Renderings of Two Starships Connected for Simulated Gravity Space Station

There are videos with renderings of SpaceX Starships connected into larger space stations with simulated gravity.

This will be more and more important as NASA has announced they are working with SpaceX to make space stations using SpaceX Starships.

I believe that the SpaceX Starship with seven $250,000 engines and steel construction can come down to a cost of $10 million to 20 million each.

The engines could be designed for detachment and some Starships could retain engines and fuel to act as lifeboats.

Gateway Foundation imagined and rendered much large space stations. Those large station designs involved a lot of construction.

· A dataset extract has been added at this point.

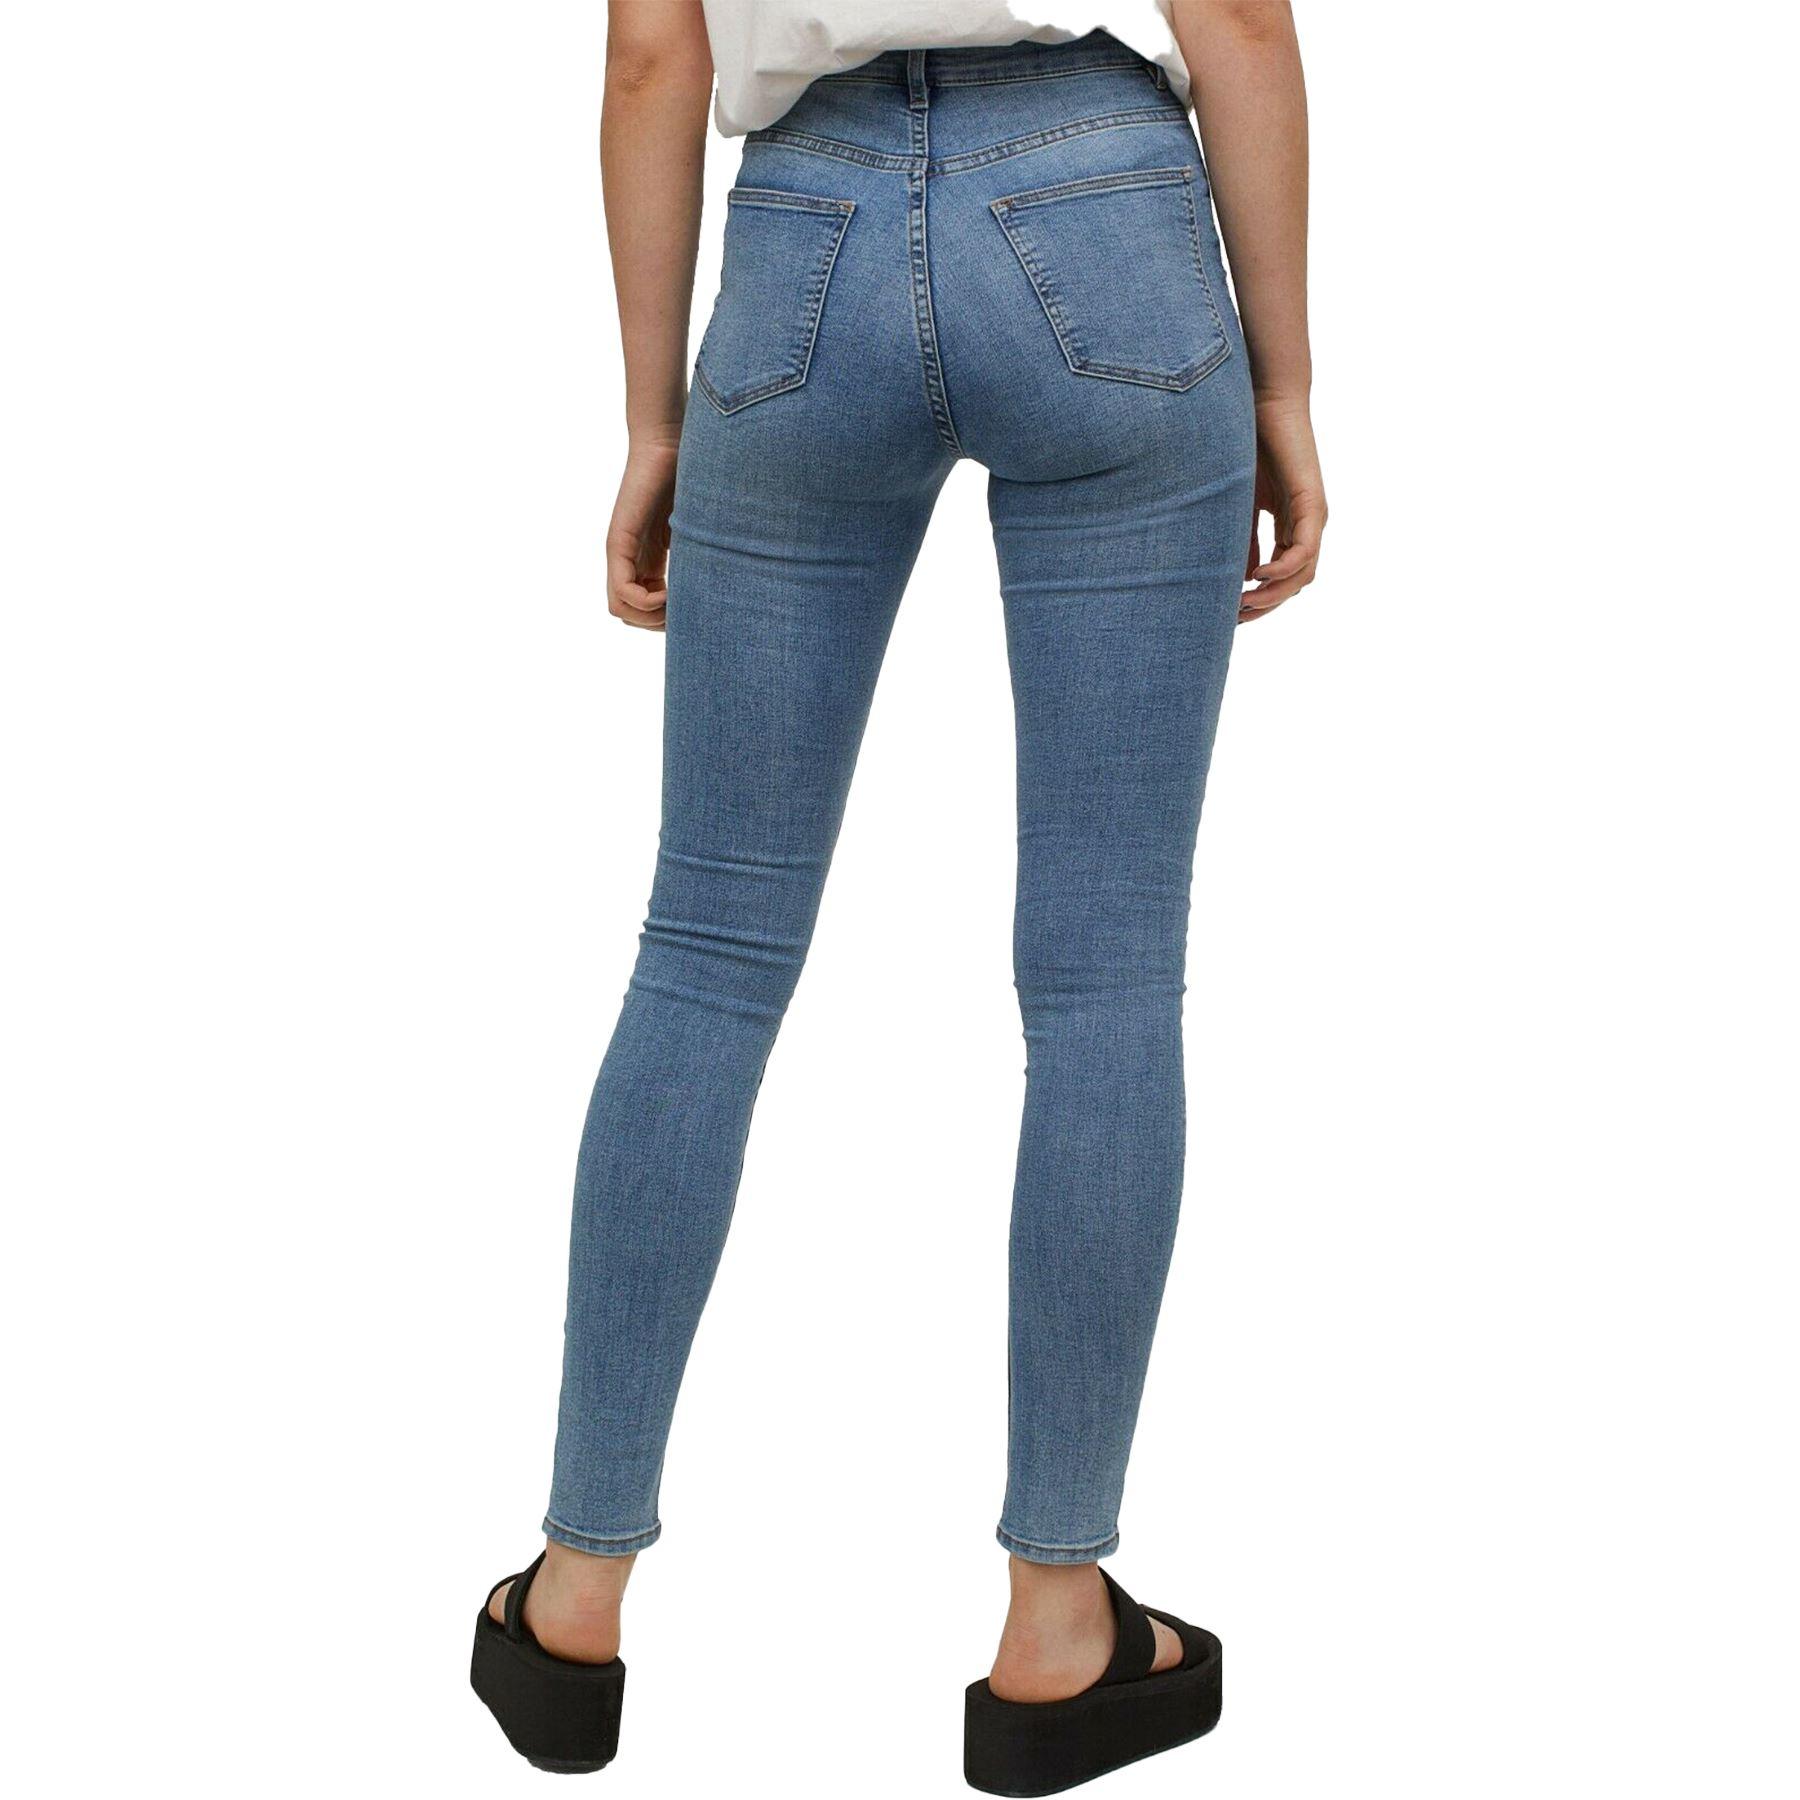 Ex H/&M Divided Ladies Skinny Stretch Spandex Denim Jeans 5 Pockets Basic Soft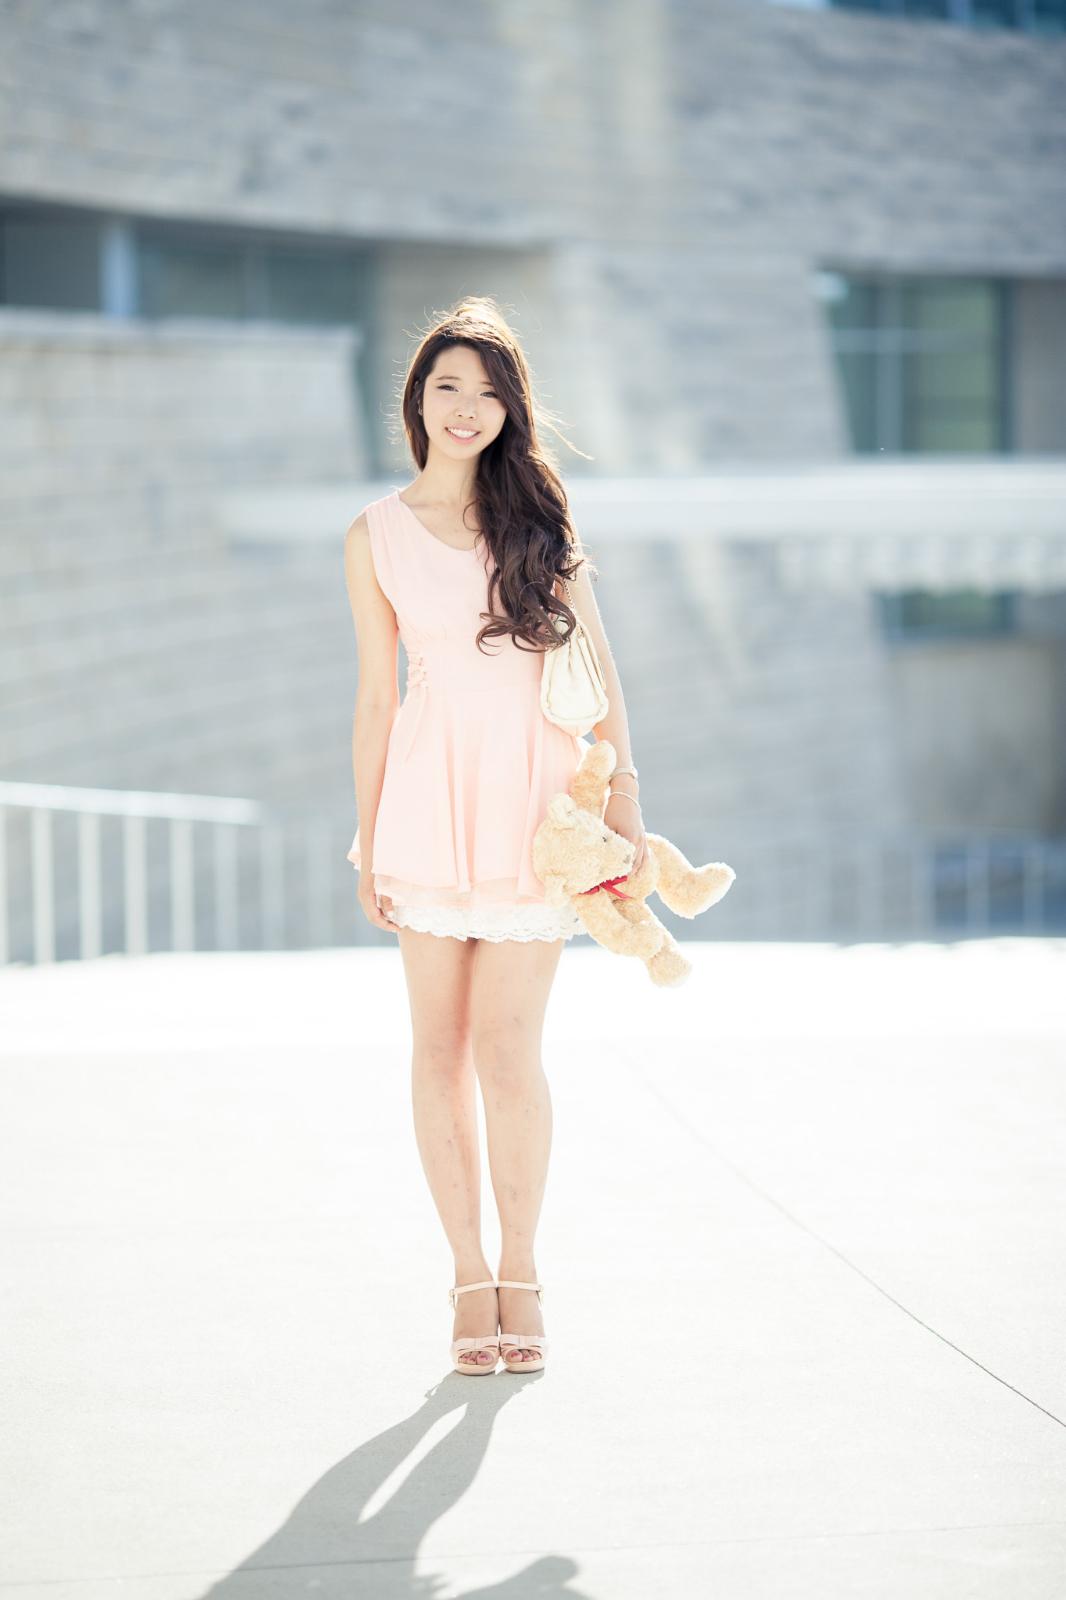 Girl walking in heels on rail track - 5 4

9 thoughts on “Renderings of Two Starships Connected for Simulated Gravity Space Station”

  1. Any rendering that shows fins is silly. A lot of work is going into the design of the lunar landing model so that orientation of the inside would seem to be the logical way to go which means they spin connected top to top. I think it’s more likely a space station built on starships would be zero g.

  2. The notion of connecting two rockets together would be overkill, and would not be stable. You need the entire station needs to be a sufficient large cylinder, or a toroid, spinning around a ridged center of gravity. Once spinning, angular momentum will keep it spinning, the result is artificial gravity on the inner surfaces of the cylinder / toroid.

    • “Once spinning, angular momentum will keep it spinning, the result is artificial gravity on the inner surfaces of the cylinder / toroid.”

      Tether vehicles at the nose with a sufficiently long tether, spin it up, same thing. Although “gravity” will lessen as you go up to higher floors in the vehicle.

  3. Or for a version that won’t be landing again, easiest might be to just build interiors “upside down” and then jattach to wherever it is that they clamp/attach to hold starship down for static fire tests…it could certainly handle the load, even at 1g. Command space might need to have up and down configurations for takeoff, unless these are sent up unmanned.

  4. Connect them nose to nose. I mean all the seats are oriented for liftoff. Google an an image of “3 radial module space station”. Also no need for a full g.

    • I was going to write that. God, they’ve got the things oriented in the worst possible orientation for structural purposes! Didn’t anybody run those renderings past an engineer?

  5. Lotsa cool stuff. I don’t quite get how you move from transport into the rotating parts of these stations tho.

    • You dock with the center, then wearing a space suit, you climb down the truss, being sure to use safety lines so you don’t become an orbital hazard. Or you jump into the airlock from a space ship passing by at matching circumferential speed.

      Well, probably something more boring, like an elevator.